ML Adoption Playbook
This skill provides an adaptive methodology for implementing machine learning models into existing software engineering projects. It bridges the gap between traditional SWE and MLOps by structuring how ML should be researched, decoupled, trained, and integrated.
When to Activate
- A user asks to "add ML" or "add an algorithm" to their existing codebase.
- Planning the integration of a new model (e.g., recommendation, classification, forecasting) into a non-ML application.
- Structuring a workflow for an agent to build, train, and deploy an ML component adaptively.
Phase 1: Problem Framing & Feasibility
Before writing model code, establish the "why" and "how".
- Heuristic Check: Ask the user if a simple heuristic (e.g., regex, rule-based sorting) could solve the problem faster. If yes, start there.
- Metric Definition: Define what business metric the ML model is trying to improve (e.g., click-through rate, reduced latency).
- Mistake Budget: Define what a "bad" prediction looks like and how the system should handle it.
Phase 2: Data Readiness
ML is useless without clean, accessible data.
- Audit Data Sources: Identify where the training data lives. Is it a live database, a static CSV, or an API?
- Data Contract: Establish a schema for the input data. What features are required? What happens if a feature is missing?
- Leakage Prevention: Ensure the user's proposed data split does not accidentally leak future information into the training set (e.g., chronological splitting for time-series data).
Phase 3: Architectural Integration & Decoupling
Do not tightly couple model inference to core business logic.
- API Boundary: Suggest placing the model behind an API endpoint (e.g., using
fastapi-patternsordjango-patterns) or a dedicated service class. - Fallback Mechanisms: Design a default state. If the model takes too long to respond or throws an error, the system must gracefully fall back to a hardcoded rule.
- Feature Flags: Wrap the new ML inference call in a feature flag so it can be rolled out (or rolled back) safely.
Phase 4: Model Implementation & Training
Structure the code for reproducibility and iteration.
- Start Simple: Build a baseline model first (e.g., a simple scikit-learn Logistic Regression or a barebones PyTorch linear layer).
- Reproducibility: Apply
pytorch-patternsor similar best practices: fix random seeds, make code device-agnostic, and explicitly document tensor/array shapes. - Automated Evidence: Require tests for the data transforms and inference schema.
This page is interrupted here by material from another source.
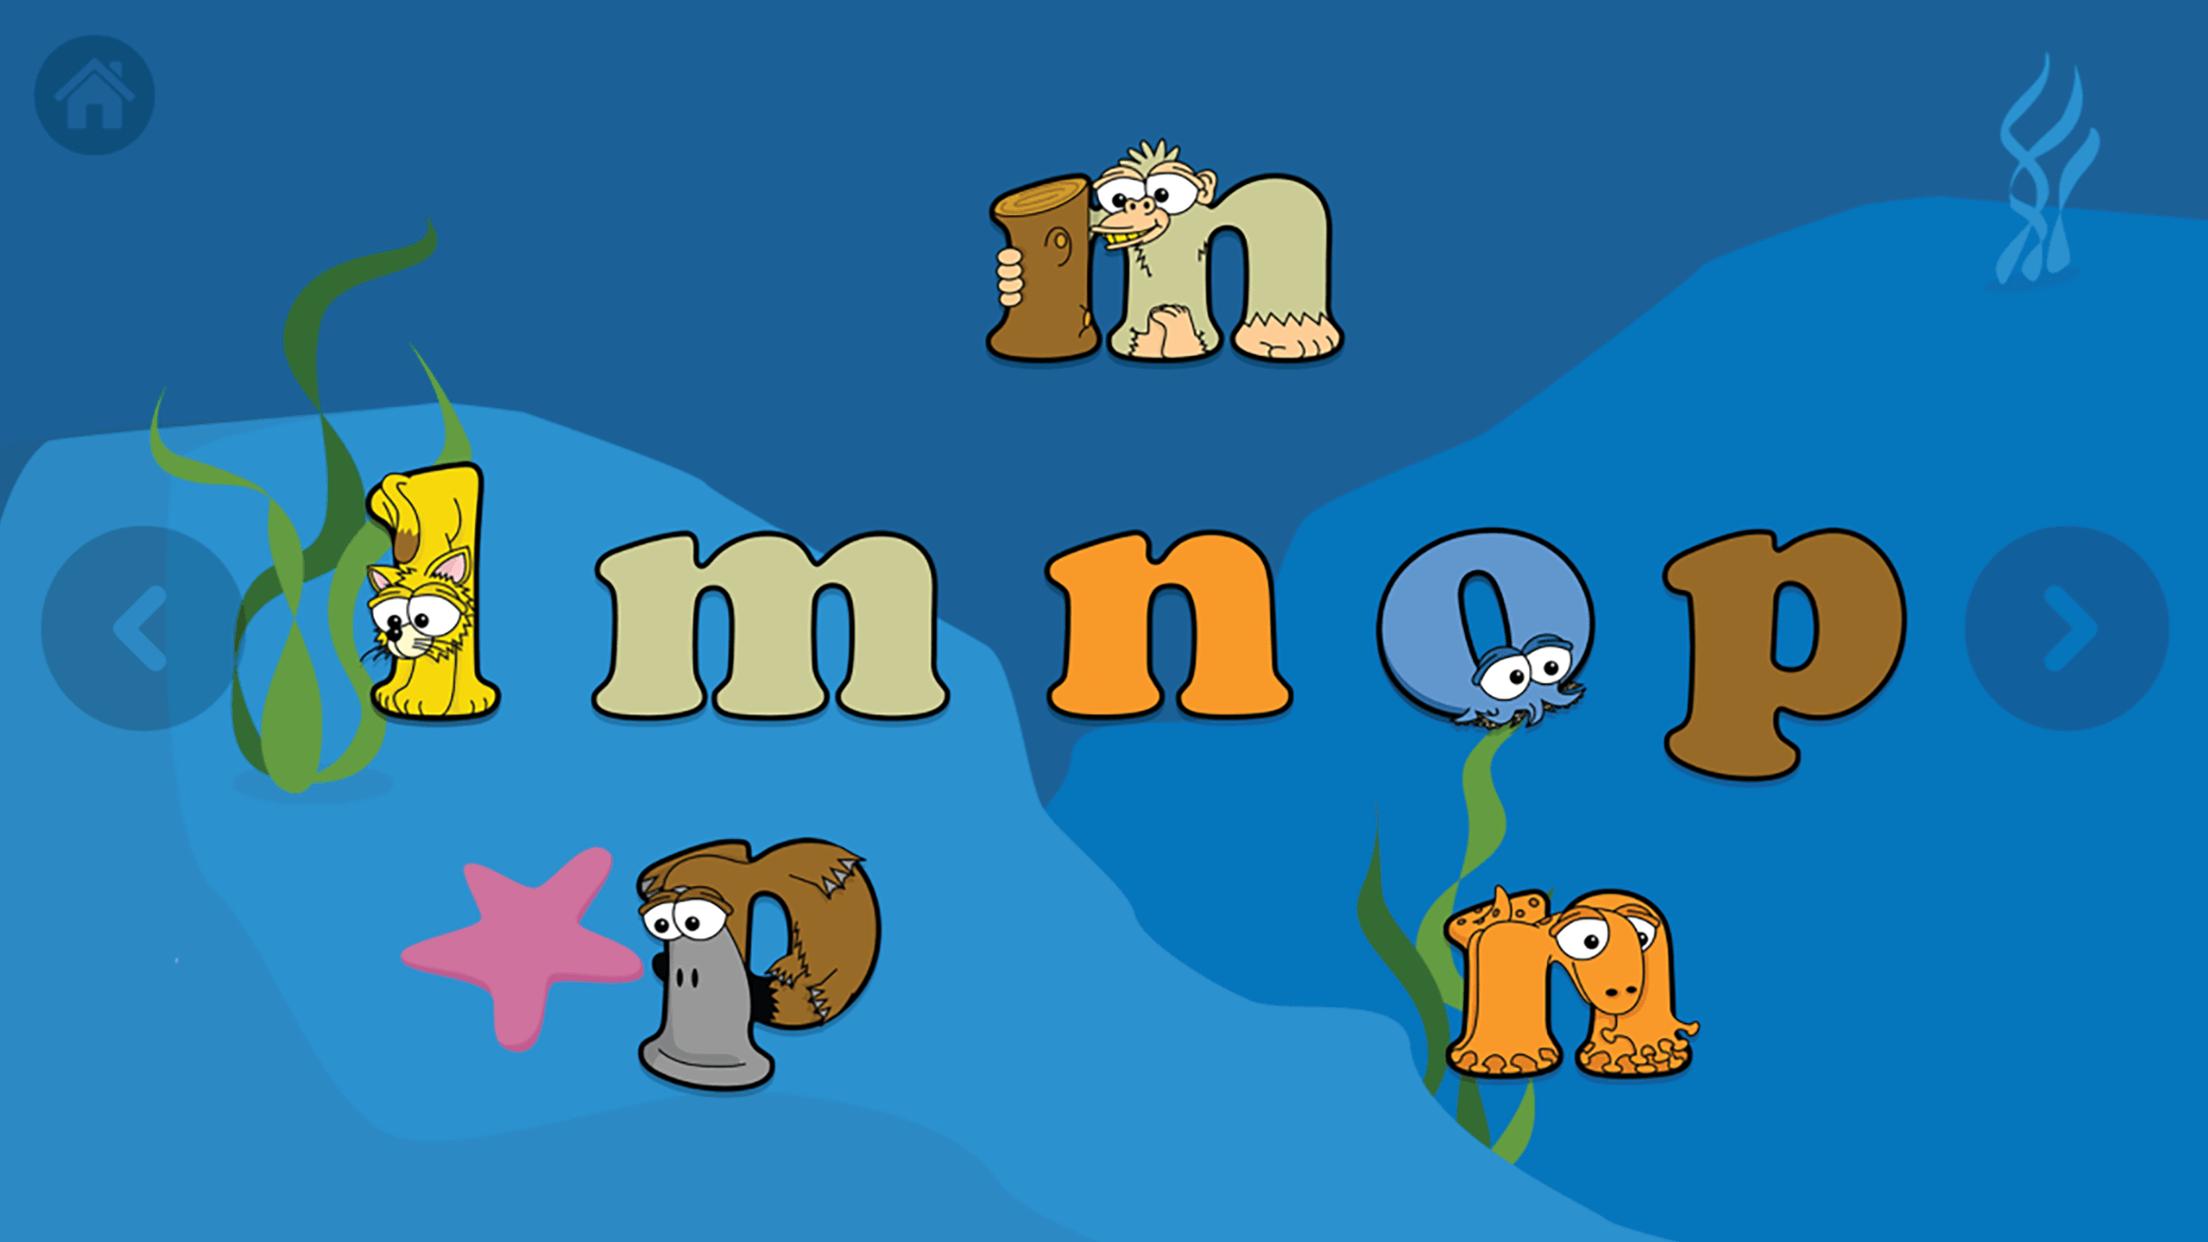 Alphabetimals App Lowercase Letters Screen

Do not accept a model without an evaluation script comparing it against the baseline.
Phase 5: Handoff to MLOps
Once the baseline model is integrated, shift focus to continuous operations.
- Refer to
mle-workflow: Guide the user toward setting up experiment tracking, model registries, and drift detection. - CI/CD: Add the model evaluation step to the existing CI pipeline to ensure future commits do not degrade model performance.
Iterative Agent Workflow
When assisting a user via this playbook, agents should:
- Ask clarifying questions to complete Phase 1 before proposing architectures.
- Draft a data contract in Phase 2 for user approval.
- Write the decoupling interface (API/Service) in Phase 3 before writing the training loop.
- Deliver a reproducible script in Phase 4 that trains the model and saves the artifact.